The boys were silent. They stared at him, waiting.

“We believe the one who has the power.

He is the one who gets to write the story. So when you study history, you must always ask yourself, Whose story am I missing? Whose voice was suppressed so that this voice could come forth? Once you have figured that out, you must find that story too. From there, you begin to get a clearer, yet still imperfect, picture.”

This is one of the most fascinating books I have read in years. The book investigates the lineage of a slave girl, Maame who started off from Fanteland & the Asante regions of the Gold Coast. It gave an intimate look covering 300 years into the lives of her two daughters and their children (spanning 7 generations). In looking at their lives, it explored their interaction with slavery, local customs & the loss of it, the influence of white people and their foreign cultures, but most importantly, the impact of slavery in the United States and the country of departure.
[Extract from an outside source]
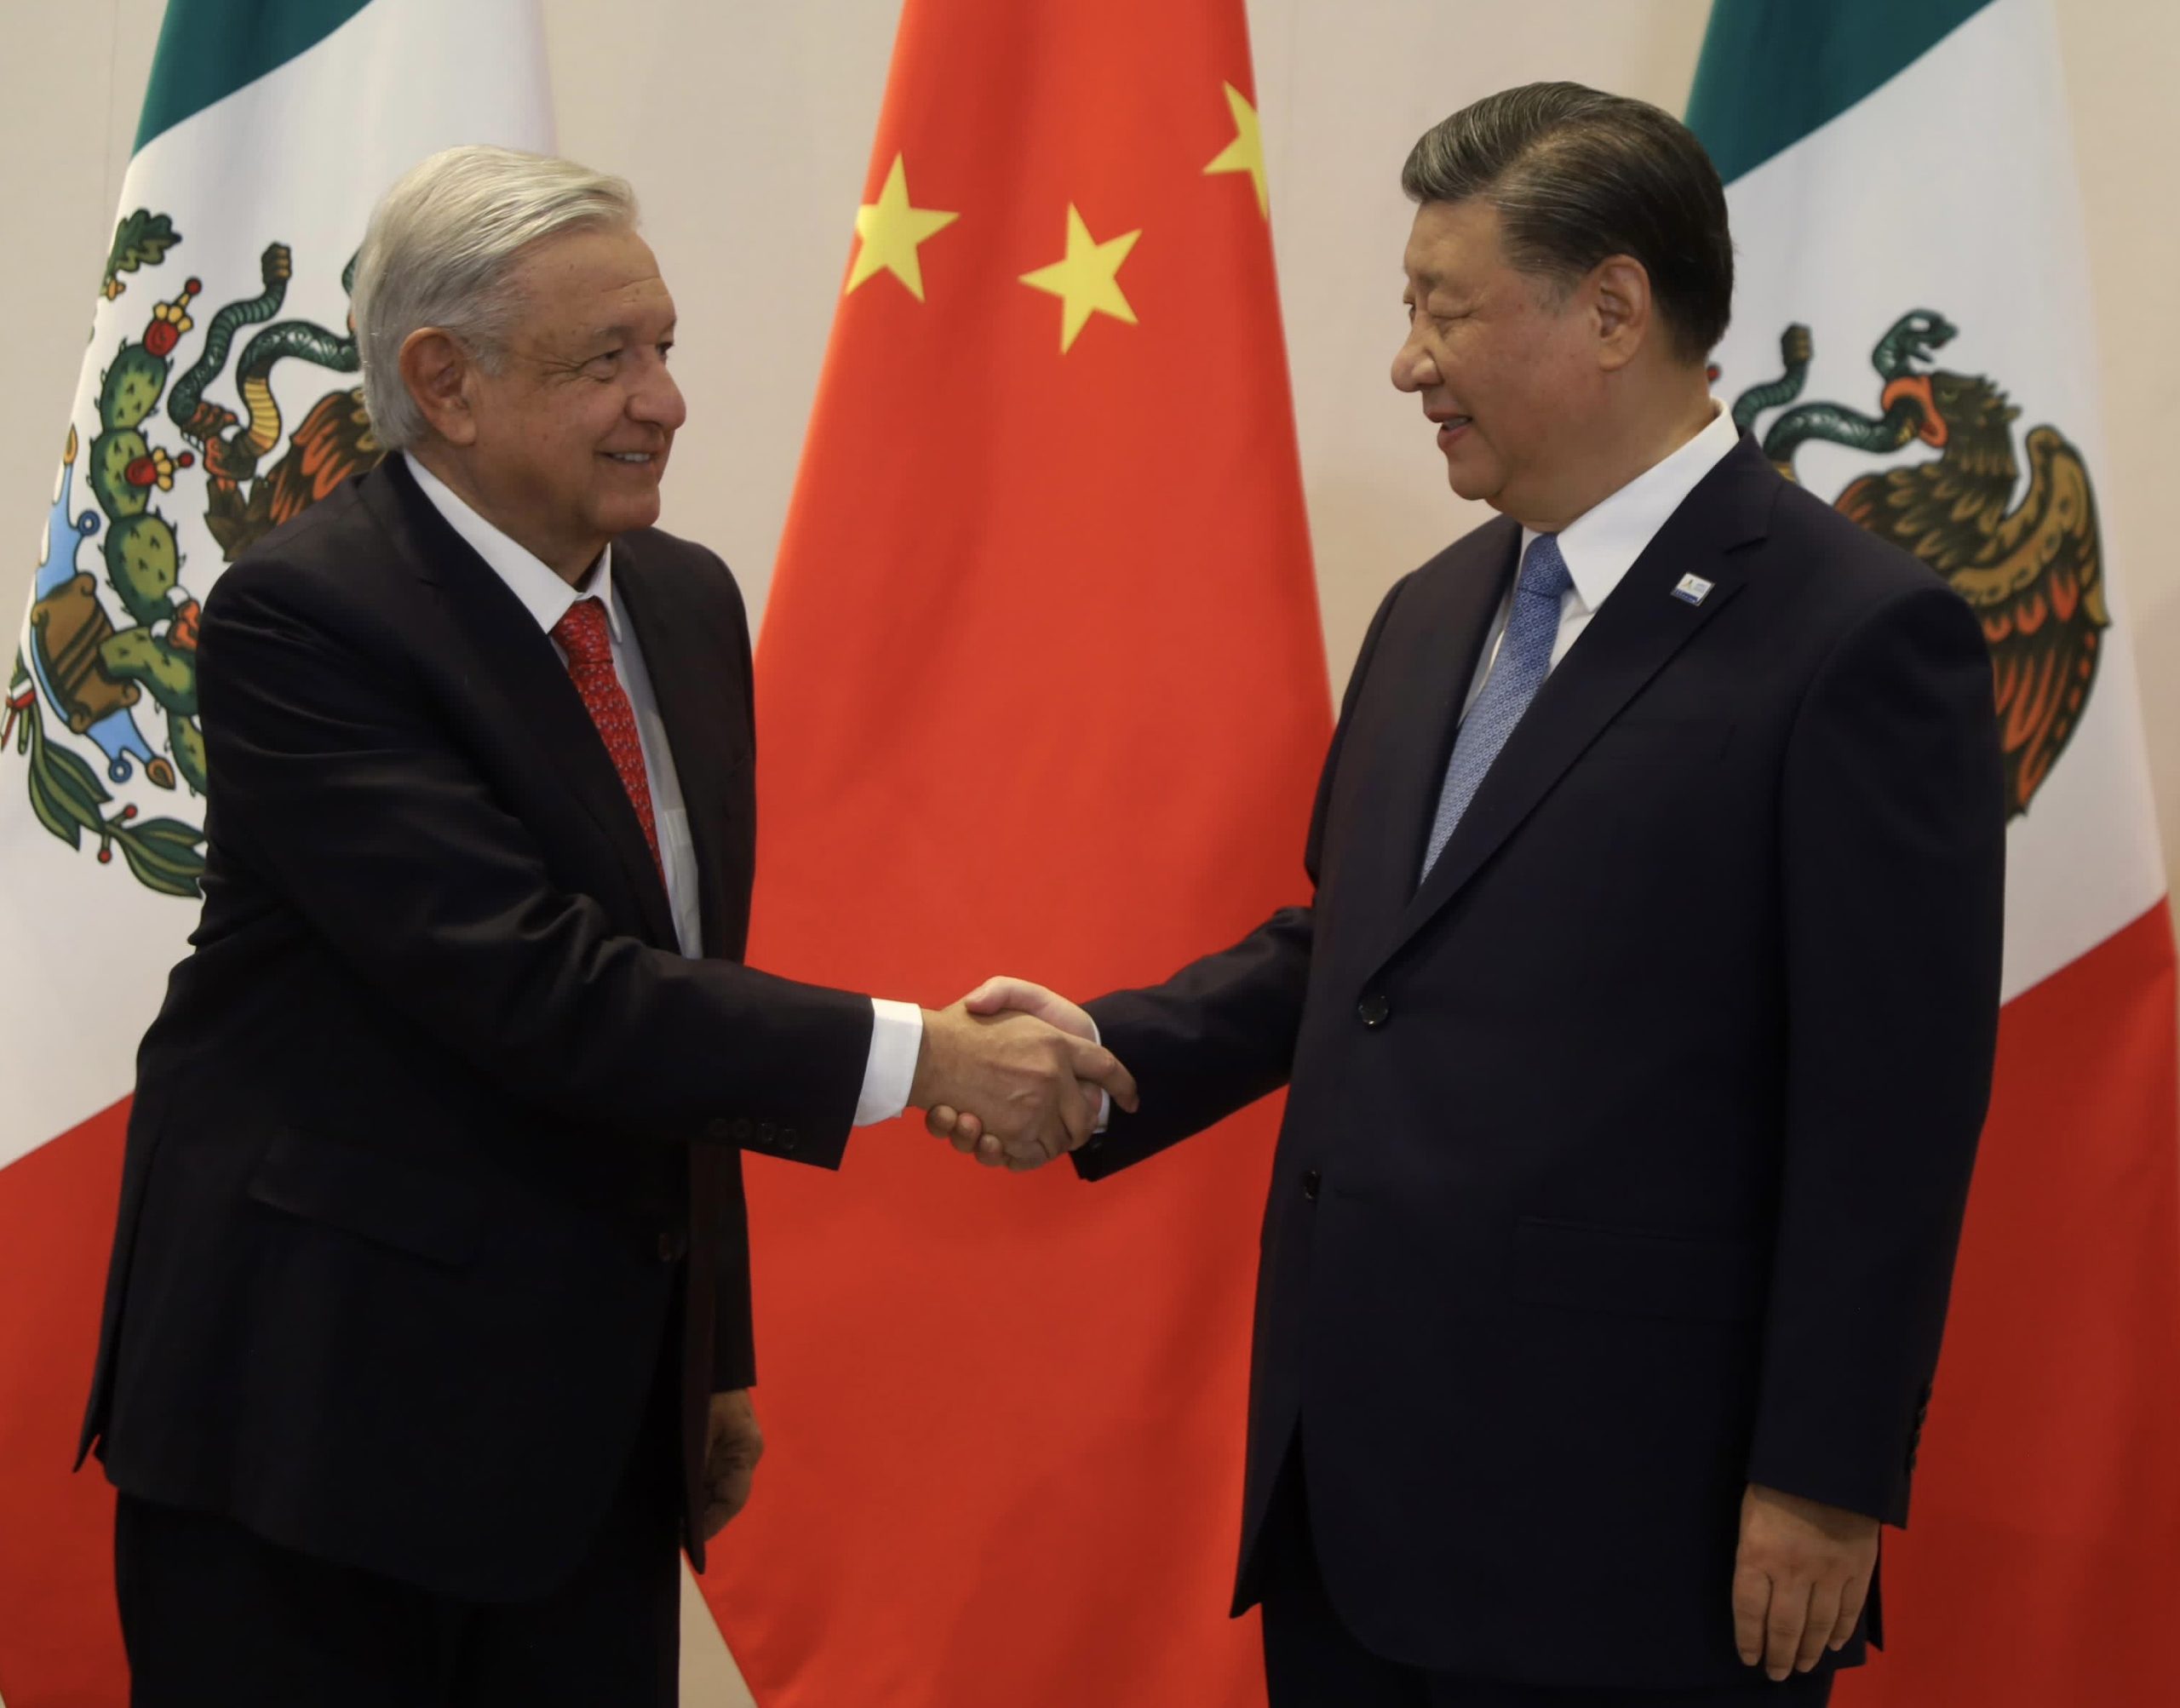 AMLO, es felicitado por Xi Jinping por el “progreso” de Méx

I think what I found most fascinating about the book was its ability to seamlessly position a person into a context in which slavery was the norm. By this I mean, people functioned as people knowing that other people were traded as slaves…slaves forged communities within their slave confines and adjusted to their harsh reality while dreaming up a future for their children. It also dismantled the myth that ‘black traded other black’. Rather what happened was, societies traded other people of other societies, as it looked at a time where the distinction between distinguished themselves not only by their race but more by their cultural heritage.